WORK TO BE COMPLETED:
Please say how many lines of the entries below contain the word "Premium", and leave out everything else.

*** Block opens ***

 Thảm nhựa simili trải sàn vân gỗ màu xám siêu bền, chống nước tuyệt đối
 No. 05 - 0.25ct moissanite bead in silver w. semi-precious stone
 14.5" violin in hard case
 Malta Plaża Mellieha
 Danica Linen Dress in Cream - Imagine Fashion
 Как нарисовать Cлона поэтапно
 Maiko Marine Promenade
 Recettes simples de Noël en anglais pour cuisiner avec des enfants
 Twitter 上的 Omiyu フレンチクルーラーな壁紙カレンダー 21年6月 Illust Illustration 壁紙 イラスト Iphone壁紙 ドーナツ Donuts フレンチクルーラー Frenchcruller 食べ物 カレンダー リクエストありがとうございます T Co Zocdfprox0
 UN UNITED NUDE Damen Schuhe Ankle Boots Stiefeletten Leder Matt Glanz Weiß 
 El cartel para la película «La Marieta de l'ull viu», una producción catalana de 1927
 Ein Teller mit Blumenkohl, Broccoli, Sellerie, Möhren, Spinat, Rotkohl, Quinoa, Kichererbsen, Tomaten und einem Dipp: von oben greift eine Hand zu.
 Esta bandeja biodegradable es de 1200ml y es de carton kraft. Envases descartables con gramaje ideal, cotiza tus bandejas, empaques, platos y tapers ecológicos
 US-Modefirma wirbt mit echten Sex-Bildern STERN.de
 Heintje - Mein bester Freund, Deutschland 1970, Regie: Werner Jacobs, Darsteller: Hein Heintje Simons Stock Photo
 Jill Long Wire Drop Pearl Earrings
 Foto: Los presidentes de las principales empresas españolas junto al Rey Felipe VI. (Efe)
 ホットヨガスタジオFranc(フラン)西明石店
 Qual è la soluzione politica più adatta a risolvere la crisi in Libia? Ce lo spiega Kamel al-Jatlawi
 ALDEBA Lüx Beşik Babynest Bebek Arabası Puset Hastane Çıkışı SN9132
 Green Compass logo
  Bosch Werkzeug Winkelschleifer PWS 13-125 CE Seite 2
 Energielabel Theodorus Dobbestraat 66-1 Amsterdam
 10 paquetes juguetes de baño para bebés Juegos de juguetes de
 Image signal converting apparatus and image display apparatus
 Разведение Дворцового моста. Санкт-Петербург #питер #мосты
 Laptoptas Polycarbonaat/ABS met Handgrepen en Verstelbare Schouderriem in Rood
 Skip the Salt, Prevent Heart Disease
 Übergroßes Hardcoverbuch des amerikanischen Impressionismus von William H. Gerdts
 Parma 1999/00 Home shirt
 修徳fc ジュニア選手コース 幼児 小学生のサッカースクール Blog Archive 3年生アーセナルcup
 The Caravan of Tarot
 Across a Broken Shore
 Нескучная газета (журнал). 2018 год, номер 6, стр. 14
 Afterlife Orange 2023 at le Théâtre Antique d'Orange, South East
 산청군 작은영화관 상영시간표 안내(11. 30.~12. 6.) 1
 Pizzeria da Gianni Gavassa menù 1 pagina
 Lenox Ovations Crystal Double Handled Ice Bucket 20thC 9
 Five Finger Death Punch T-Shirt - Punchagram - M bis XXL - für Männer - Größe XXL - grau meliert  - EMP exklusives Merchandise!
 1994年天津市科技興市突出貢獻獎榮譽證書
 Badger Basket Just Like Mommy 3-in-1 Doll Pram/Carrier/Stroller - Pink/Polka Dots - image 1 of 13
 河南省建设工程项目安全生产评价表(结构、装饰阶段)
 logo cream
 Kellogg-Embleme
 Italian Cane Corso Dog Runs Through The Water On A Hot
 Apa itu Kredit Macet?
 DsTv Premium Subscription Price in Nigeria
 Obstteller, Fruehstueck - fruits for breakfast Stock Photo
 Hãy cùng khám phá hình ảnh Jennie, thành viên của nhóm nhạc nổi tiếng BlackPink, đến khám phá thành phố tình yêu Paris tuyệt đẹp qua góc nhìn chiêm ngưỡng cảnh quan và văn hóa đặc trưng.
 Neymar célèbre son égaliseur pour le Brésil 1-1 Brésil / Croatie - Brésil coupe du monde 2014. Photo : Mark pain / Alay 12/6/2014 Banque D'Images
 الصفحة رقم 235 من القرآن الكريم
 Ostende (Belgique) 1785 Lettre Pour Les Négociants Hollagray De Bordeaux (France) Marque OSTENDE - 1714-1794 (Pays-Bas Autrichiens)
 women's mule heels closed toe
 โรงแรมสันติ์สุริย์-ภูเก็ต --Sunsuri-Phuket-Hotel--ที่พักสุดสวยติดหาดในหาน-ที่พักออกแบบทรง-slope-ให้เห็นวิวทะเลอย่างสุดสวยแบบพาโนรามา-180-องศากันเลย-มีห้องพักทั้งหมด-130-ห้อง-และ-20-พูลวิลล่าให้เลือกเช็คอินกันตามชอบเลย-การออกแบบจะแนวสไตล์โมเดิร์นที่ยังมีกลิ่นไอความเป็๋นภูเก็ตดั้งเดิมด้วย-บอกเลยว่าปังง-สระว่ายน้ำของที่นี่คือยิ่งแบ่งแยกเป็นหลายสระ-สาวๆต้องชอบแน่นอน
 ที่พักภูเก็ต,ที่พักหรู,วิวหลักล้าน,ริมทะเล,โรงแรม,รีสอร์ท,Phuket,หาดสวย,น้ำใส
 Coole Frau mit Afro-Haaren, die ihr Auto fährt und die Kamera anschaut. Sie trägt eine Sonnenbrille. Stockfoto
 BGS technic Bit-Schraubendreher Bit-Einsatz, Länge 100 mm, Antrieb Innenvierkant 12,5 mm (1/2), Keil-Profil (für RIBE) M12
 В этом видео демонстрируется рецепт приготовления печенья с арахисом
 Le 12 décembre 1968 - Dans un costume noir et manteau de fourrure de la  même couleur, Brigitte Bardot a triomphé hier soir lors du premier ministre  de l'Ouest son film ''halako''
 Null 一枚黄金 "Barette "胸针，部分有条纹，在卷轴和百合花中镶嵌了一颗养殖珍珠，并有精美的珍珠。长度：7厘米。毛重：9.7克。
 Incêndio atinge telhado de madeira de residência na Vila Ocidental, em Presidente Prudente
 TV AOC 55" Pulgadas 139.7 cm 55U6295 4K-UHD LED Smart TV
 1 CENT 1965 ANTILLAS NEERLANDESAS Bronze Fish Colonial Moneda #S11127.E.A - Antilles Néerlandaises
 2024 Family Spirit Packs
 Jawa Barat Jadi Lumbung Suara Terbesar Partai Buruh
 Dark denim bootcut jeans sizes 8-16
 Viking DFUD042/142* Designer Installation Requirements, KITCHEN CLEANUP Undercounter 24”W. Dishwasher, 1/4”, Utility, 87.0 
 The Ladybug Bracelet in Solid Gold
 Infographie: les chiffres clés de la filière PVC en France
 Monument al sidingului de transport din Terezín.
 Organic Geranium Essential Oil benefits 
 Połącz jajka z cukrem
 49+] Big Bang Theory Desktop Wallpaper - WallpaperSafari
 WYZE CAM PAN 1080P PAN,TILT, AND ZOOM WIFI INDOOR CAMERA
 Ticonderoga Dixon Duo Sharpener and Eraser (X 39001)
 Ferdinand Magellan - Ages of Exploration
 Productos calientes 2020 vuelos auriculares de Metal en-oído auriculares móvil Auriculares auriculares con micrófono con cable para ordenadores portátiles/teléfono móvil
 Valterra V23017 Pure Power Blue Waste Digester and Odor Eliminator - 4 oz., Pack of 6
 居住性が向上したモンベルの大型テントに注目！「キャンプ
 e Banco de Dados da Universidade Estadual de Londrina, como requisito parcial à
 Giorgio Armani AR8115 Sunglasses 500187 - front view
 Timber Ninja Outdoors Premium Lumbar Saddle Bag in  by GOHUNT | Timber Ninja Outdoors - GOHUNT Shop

*** Block closes ***

COMPLETED EXERCISE:
2